With signs of the Euro zone debt crisis flaring again, Cyprus could potentially become the first nation to leave the single currency union. The EU has given Cyprus until Monday to raise funds to become eligible for a bailout. In the midst of escalating fears surrounding the Cypriot financial system, S&P cut the nation’s credit rating deeper into junk territory.
After dismal PMI readings from Germany yesterday, deterioration in German business confidence for March has set the tone for another shaky session for the single currency today. At home, with an action packed week drawing to an end for Sterling, final estimate of the UK fourth quarter GDP will be in focus during next week’s session.
Pound Sterling – UK Markets
The Pound managed to stage a recovery against the Euro and the US Dollar yesterday buoyed by an upbeat set of economic data from the UK. The British retail sector has been hailed as a bolt from the blue after retail sales surged for February, far exceeding market expectations, thereby offering a glimmer of hope to the UK economic recovery. Furthermore a separate report showed that public sector borrowing was sharply lower than estimates last month, largely supported by the second instalment of cash transfers from the BoE and proceeds from the 4G spectrum auction. A weak set of PMI releases from the Euro zone and uncertainty surrounding the Cyprus bailout has helped the Pound to hold on to its gains against the single currency in today’s trading session.
With an apparently quiet day ahead, focus is likely to shift to external cues for further direction. Going forward, a flurry of housing data scheduled next week is likely to shed light over the recovery in the housing sector. Additionally, the final fourth quarter GDP figures are likely to confirm that the UK economy slipped into contraction.
US Dollar – US Markets
Buoyant UK economic data led the US Dollar to slip lower against Sterling in yesterday’s trading session. However, the greenback remained quite volatile against the single currency as “risk on” sentiment remained tempered by headwinds in the Euro zone economy.
Meanwhile, macro data released yesterday continued to paint a brighter picture for the US economy. A lower than expected number of Americans claiming jobless benefits further substantiated the fact the labour market in the US remains undeterred by the nation’s fiscal woes. Additionally, existing home sales continued to point towards an ongoing housing recovery, in line with the recent housing starts and building permits data. The manufacturing activity for the Philadelphia region also stunned market participants as data revealed an unexpected upturn for March. Against this backdrop, a raft of manufacturing data from other US regions due next week would be closely watched to ascertain whether the US economy can clock a higher growth rate this quarter.

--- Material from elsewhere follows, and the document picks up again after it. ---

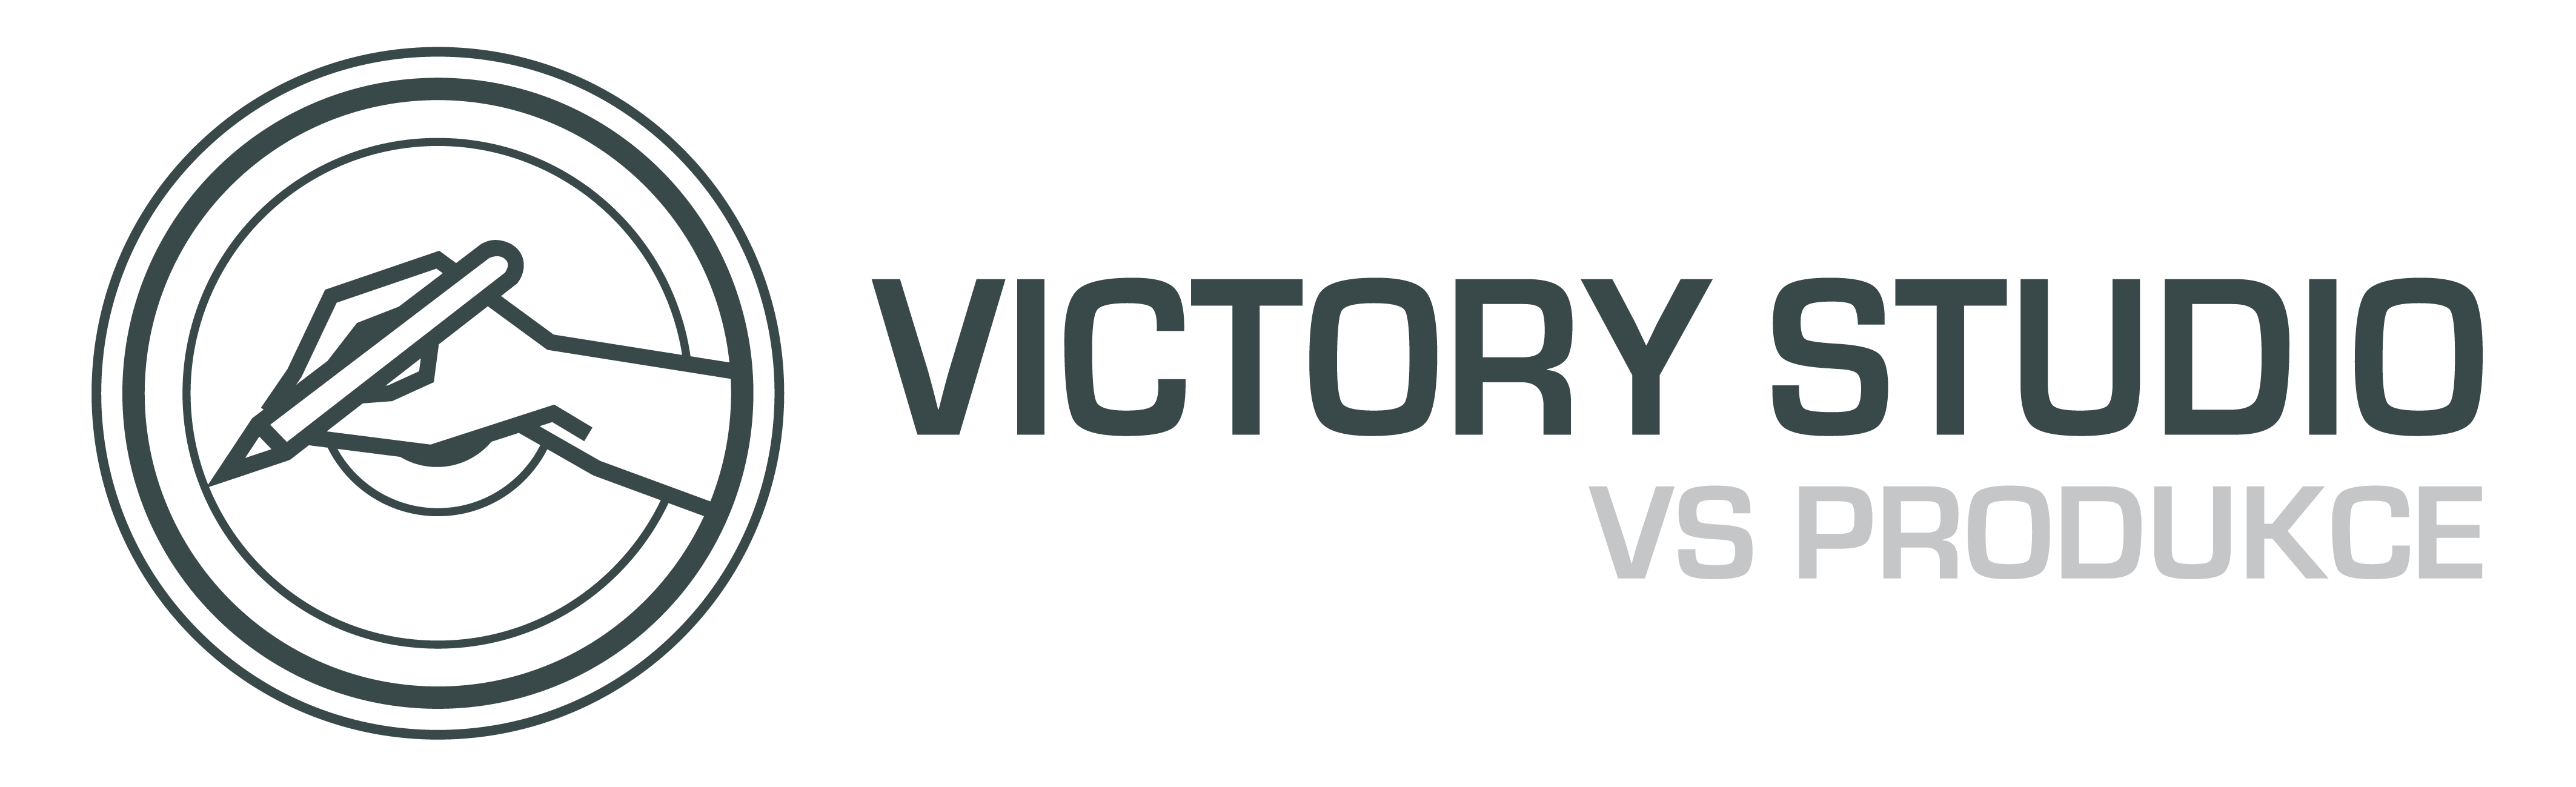 VICTORY STUDIO

With a lack lustre day ahead, developments taking place on the other side of the Atlantic will be monitored for further cues.
Euro – European Markets
With risk sentiment remaining subdued following a dismal set of PMI releases across Europe, the timing of today’s Ifo sentiment indices could not be worse, as data indicated that confidence amongst businesses in Germany deteriorated for March. This should not come as a surprise to traders given an unexpected contraction in German manufacturing activity yesterday and has posed serious questions about economic growth in Germany for the first quarter.
The crisis in Cyprus is deepening after the EU threatened to withdraw its bailout offer for the nation, if no deal is finalised by Monday. The European Central Bank also warned that it would cut off liquidity to Cypriot banks without a deal, risking a collapse of the nation’s fragile banking sector. S&P also raised concerns about the dire situation of the bailout crisis in Cyprus, as it lowered its credit rating on the nation by one notch to “CCC”. With Russia pouring cold water on appeals from the nation for help, it remains to be seen what form the proposed “Plan B” takes. All eyes are likely to be on the Cypriot Parliament today wherein members are expected to debate on government measures to stave off a crisis.
Other Currencies – Highlights
Buoyant retail sales helped the Canadian Dollar to garner traction against the greenback in yesterday’s trading session. Retail sales gained more than anticipated for January, recouping some of the previous month's fall, bolstered by strong vehicle demand. In this context, the GDP data due next week remain a key event on traders’ radar. Canadian finance minister, Jim Flaherty, in his budget yesterday, indicated that he is determined to eliminate the nation’s deficit by 2015. However, the performance of the Canadian Dollar has been hampered against the US Dollar this morning amid worries surrounding the Cypriot bailout deal.
During next week, consumer price inflation data would be keenly watched and is likely to remain subdued for February. With the economy registering a contraction for December, it would be interesting to note what steps the Bank of Canada would adopts to reignite the economy.